Re: [xsl] A super-efficient way to compute the sum of A[i] * B[i] for i=1 to n?

["Martin Honnen martin.honnen@xxxxxx" <xsl-list-service@xxxxxxxxxxxxxxxxxxxxxx>]

Am 09.05.2020 um 13:59 schrieb Costello, Roger L. costello@xxxxxxxxx:
> Hi Folks,
>
> I need a super-efficient way to compute the sum of A[i] * B[i] for i=1 to
n.
> For example, suppose A is this:
>
> <row>
>      <col>0.9</col>
>      <col>0.3</col>
> </row>
>
> and B is this:
>
> <row>
>      <col>0.2</col>
>      <col>0.8</col>
> </row>
>
> I want to compute:
>
> (0.9 * 0.2) + (0.3 * 0.8)
>
> Here's one way to do it:
>
> sum(for $i in 1 to count($A/col) return number($A/col[$i]) *
number($B/col[$i]))
> I suspect that is not the most efficient approach.
>
> What is the most efficient approach?

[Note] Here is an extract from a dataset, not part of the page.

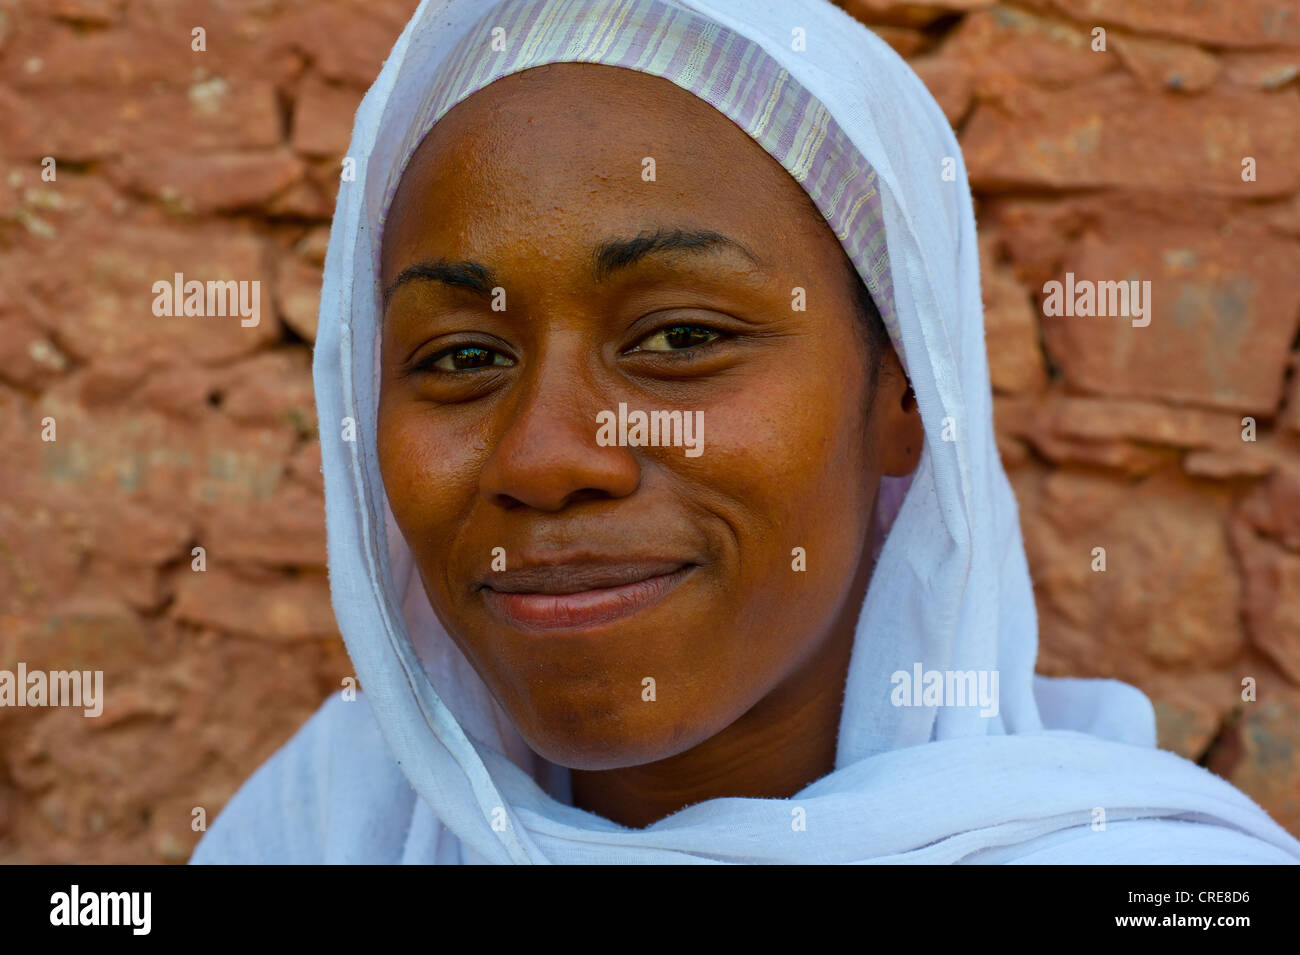 Portrait of a smiling, dark-skinned, young woman wearing a white headscarf, southern Morocco, Morocco, Africa Stock Photo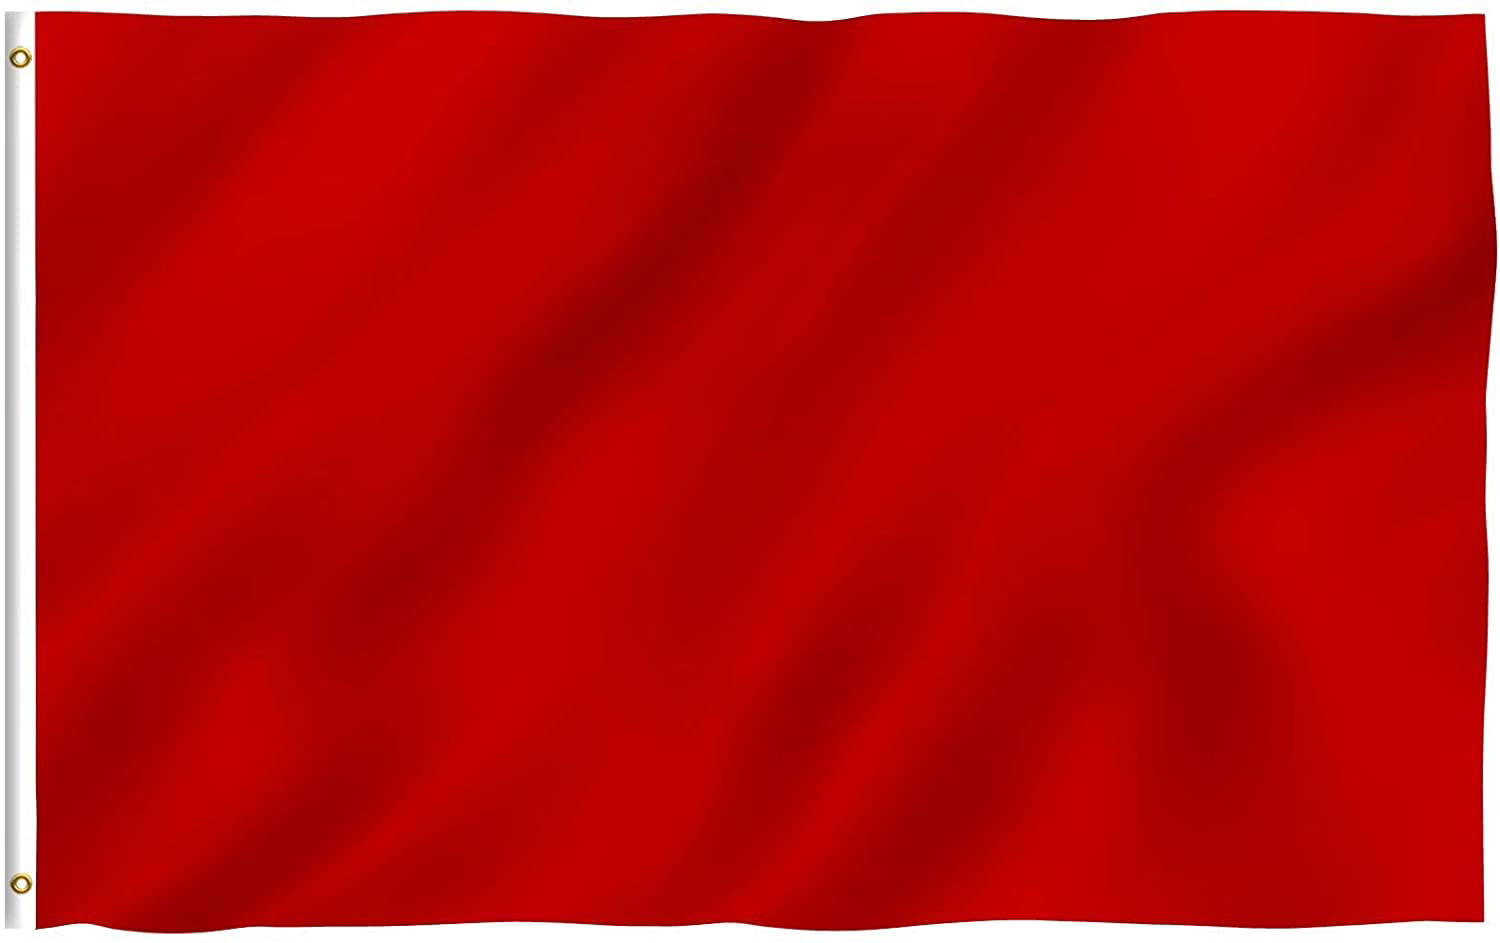 RED FLAG 5 X 3 feet plain colour polyester with eyelets flags sport race

I will be doing hundreds of thousands
of these computations, so I want to use the most efficient approach.

You can express it a bit more nicely in XPath 3 with higher-order
functions as

  sum(for-each-pair($A/col, $B/col, function($a, $b) { $a * $b}))

but whether that performs better or worse is something you can only measure.